To support this the translator can add an additional output err
(or
error
in -long_names
format) which is set to true if
there is an attempt to broadcast an event at the lowest level of the event
stack.
Consider again the chart in Figure 2.
If we translate the chart with an event stack of 1 and run Lesar on the output:
% sf2lus Events3.mdl -o Events3.lus -errstate -ess 1
% lesar Events3.lus verif_2_1
--Pollux Version 2.1
FALSE PROPERTY
We get a FALSE property because we tried to broadcast the F
output event while processing the E event at level 1 of the event
stack.
For this chart we actually need an event stack of 2:
% sf2lus Events3.mdl -o Events3.lus -errstate -ess 2
% lesar Events3.lus verif_2_1
--Pollux Version 2.1
TRUE PROPERTY
Beware, however, that the -errstate
variable is not set if you do not
define an event stack, a false positive will result.
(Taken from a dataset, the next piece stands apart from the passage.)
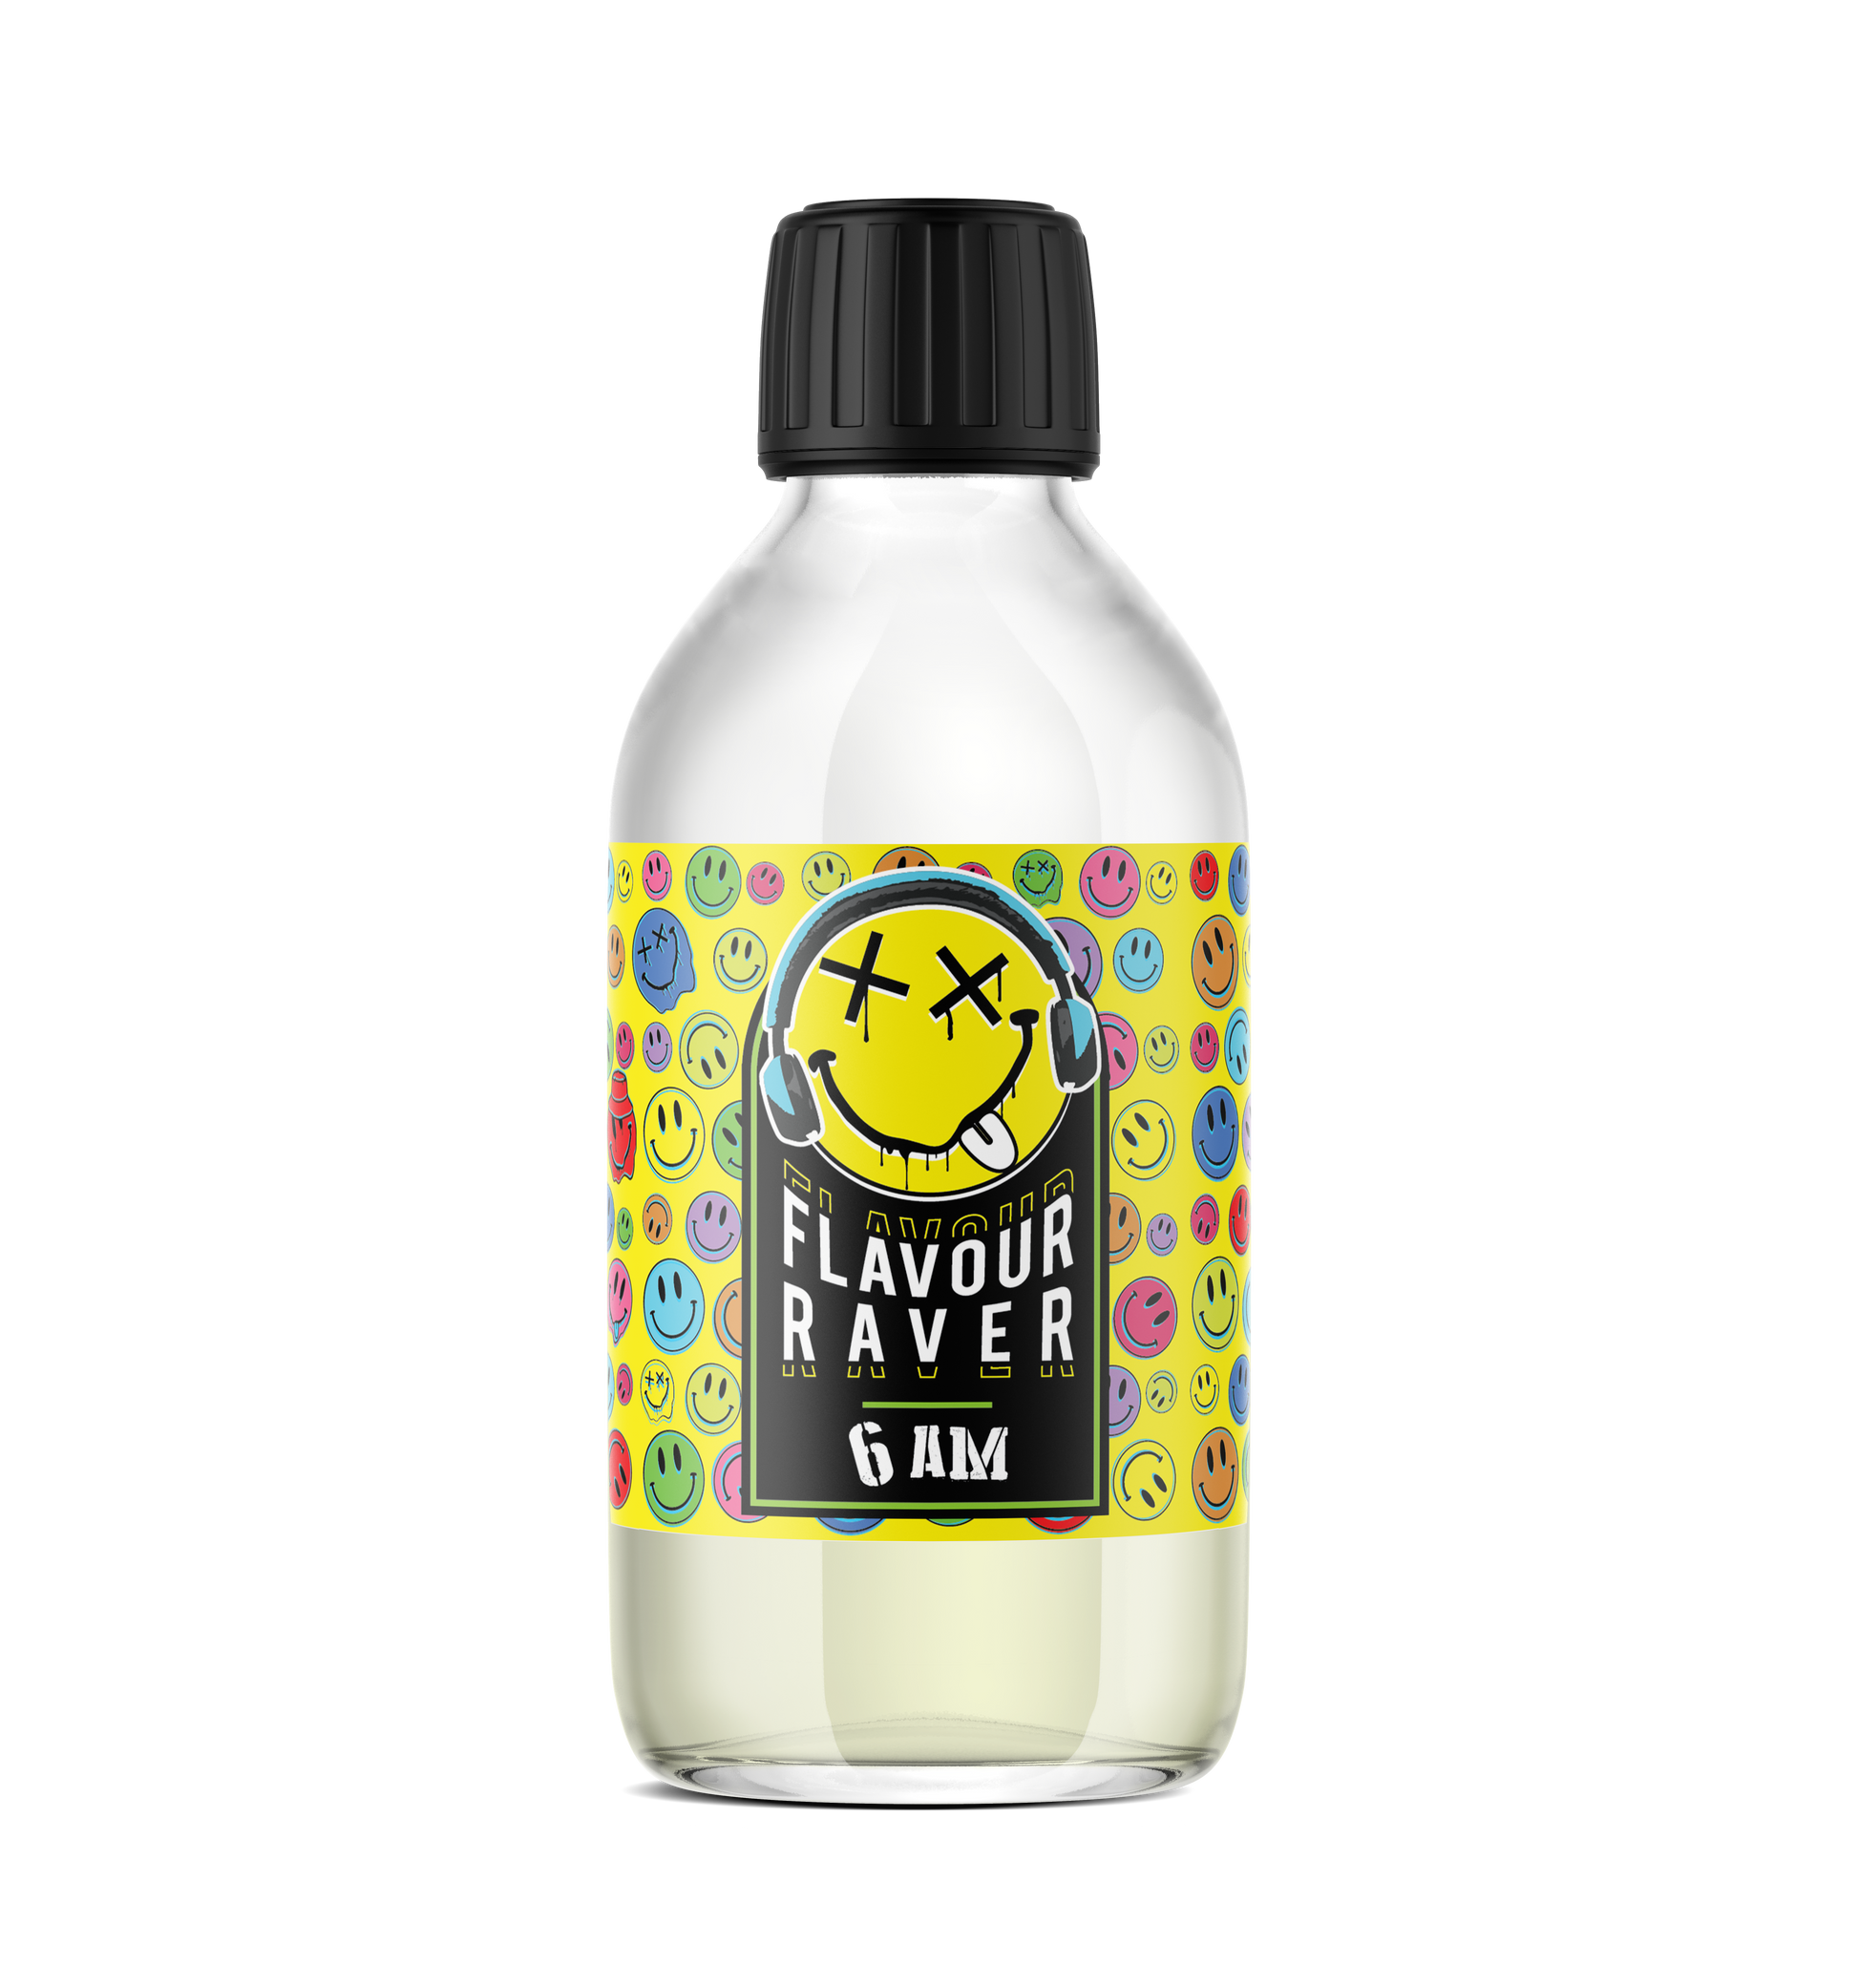 Flavour Raver 6AM 200ML Shortfill - The Ace Of Vapez

The sf2lus translator assumes that you know the chart is confluent if you do
not use an event stack.
5.3.3 Automatic observers
The observer in Section 5.2 is a simple internal consistency
check upon the state variables.
In fact, we can automate the generation of such an observer by scanning the chart
and building an expression for each subgraph.
For exclusive (OR) states there should be either no active state if the subgraph
is inactive or one and only one active state if the subgraph is active.
For parallel (AND) states there should be no active state if the subgraph is
inactive or all the states should be active simultaneously.
The -consistency
option triggers the generation of just such an observer
(called consistency_<CID>
).
For example, the model in Figure 3 generates the following
observer:
-- Observer for state consistency
node consistency_2(E: event) returns(prop: bool);
var y, x, z: real; sB, sC, sA, sE, sD, sgTop2, sgTop1: bool;
let
y, x, z, sB, sC, sA, sE, sD, sgTop2, sgTop1 = sf_2(E);
prop =
((sgTop1 and sgTop2) and
(if sgTop1
then ((sD and ((not sE) and (not sA))) or
(((not sD) and (sE and (not sA))) or
((not sD) and ((not sE) and sA))))
else (not (sD or (sE or sA))) and
if sgTop2 then ((sC and (not sB)) or ((not sC) and sB))
else (not (sC or sB))));
tel
Observers for junction entry counters are discussed in Section 4.2.